A vast crowd of people and enthusiastic cheering announced to them the approach of the procession. They stood on a bench in a porch to watch it as it passed. Five mounted pioneers and a numerous band headed the procession; the municipal guard followed on foot; then came four men carrying flags, followed by a number of men bearing torches; and then the soldiers who had been wounded in Africa, wearing laurel wreaths and carrying ensigns with the names, in silver letters, of the principal victories gained by the army. After these came the municipal council headed by the civil governor and two councillors carrying the likeness of the Queen, and the procession was closed by a detachment of infantry with another band of music at its head.

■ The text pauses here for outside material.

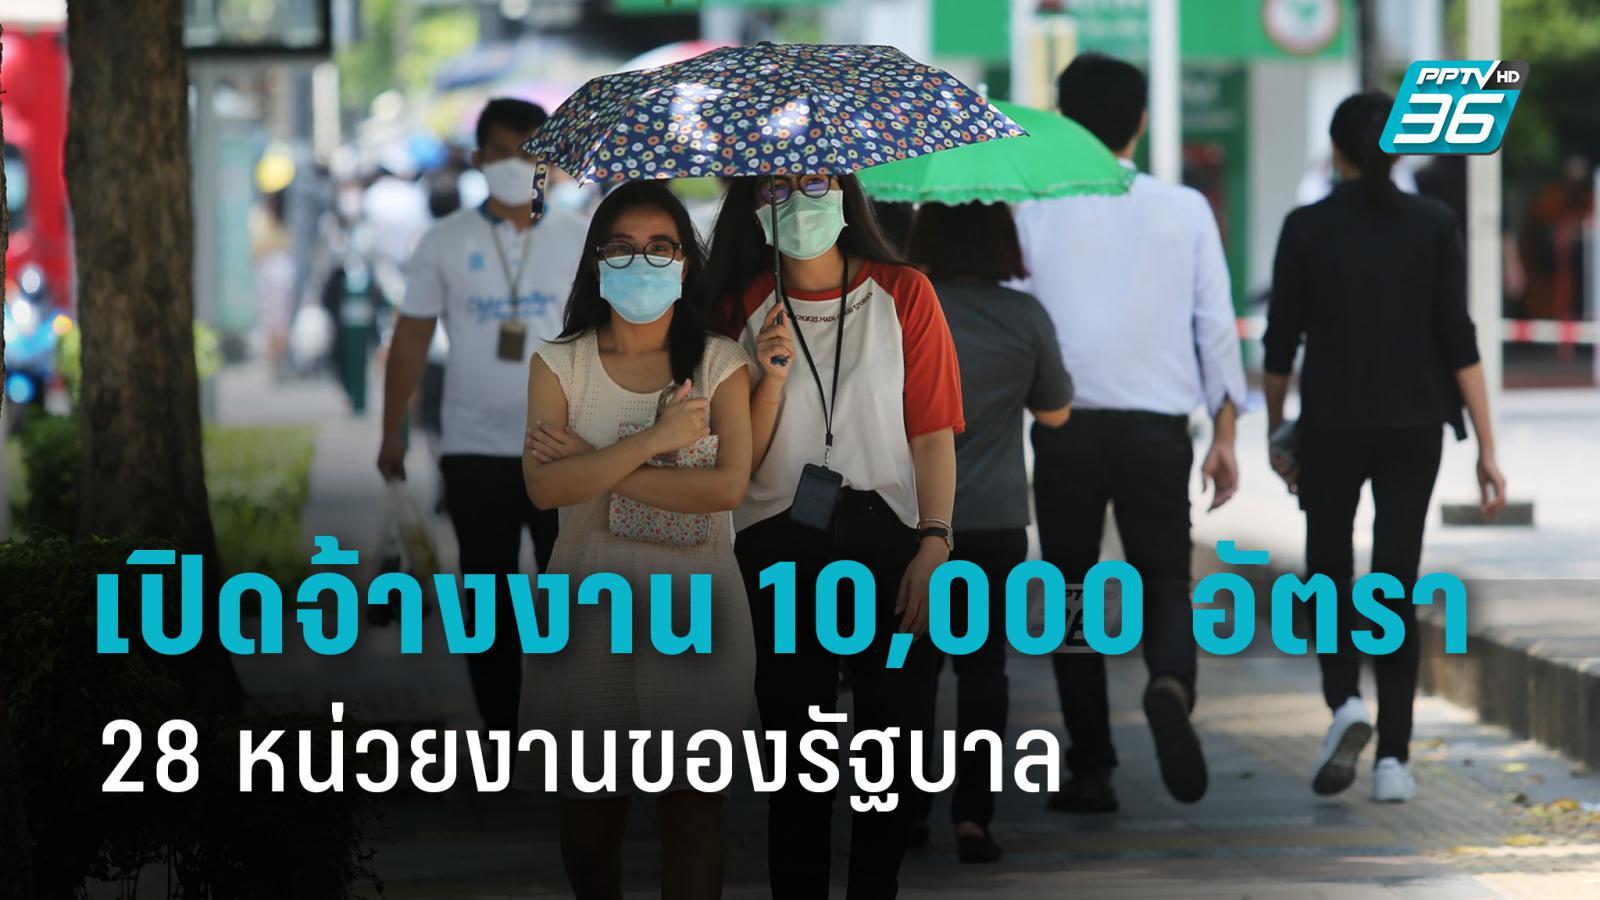 เช็กเลย! รัฐบาล เปิดจ้างงาน 10,000 อัตรา 28 หน่วยงานมีที่ไหนบ้าง

"Here come the wounded soldiers!" cried the crowd, and the cheering became more enthusiastic, and tears ran down the cheeks of the women as they stopped to look admiringly at the wounded heroes, and then joined the procession. "Look at that one! Look at that poor fellow; he isn't able to walk alone; they are supporting him," some one said close beside Maria, pointing to a young man, who with his arm in a sling, his pale forehead crowned with laurel, and carrying in his hand an ensign bearing on it the word "Tetuan," walked with a modest expression on his thin but pleasing face, leaning on the arm of a robust old man whose proud and enraptured expression seemed to say to every one, "This brave man is my son!" Maria, whose heart had for many days past been agitated alternately by fear, hope, enthusiasm, and anguish, uttered a cry drawn from her by all these mingled feelings, as she recognized in the emaciated and glory-covered wounded soldier her son, and fell into Catherine's arms.
CHAPTER VIII.
A few months later a happy wedding, the wedding of Catherine and Michael, was celebrated in Bornos. Gaspar, whose health was entirely re-established, but who had lost his right arm, was present. But if he had lost an arm he had in return received a gold medal, a cross with a pension attached to it, and an annuity; the last, as having been disabled in the war in Africa; the cross for bravery; and the medal for humane and gallant conduct.
"Every day is a day of thanksgiving! There is not a happier father in the world than I!" exclaimed John Joseph gayly. "My only grief is to see you crippled, my boy. But that can't be helped. You have paid your debt to the country like an honest man, Gaspar."
"And the country, father," answered Gaspar, pointing proudly to his cross and medal, "has acquitted herself fully of hers to me."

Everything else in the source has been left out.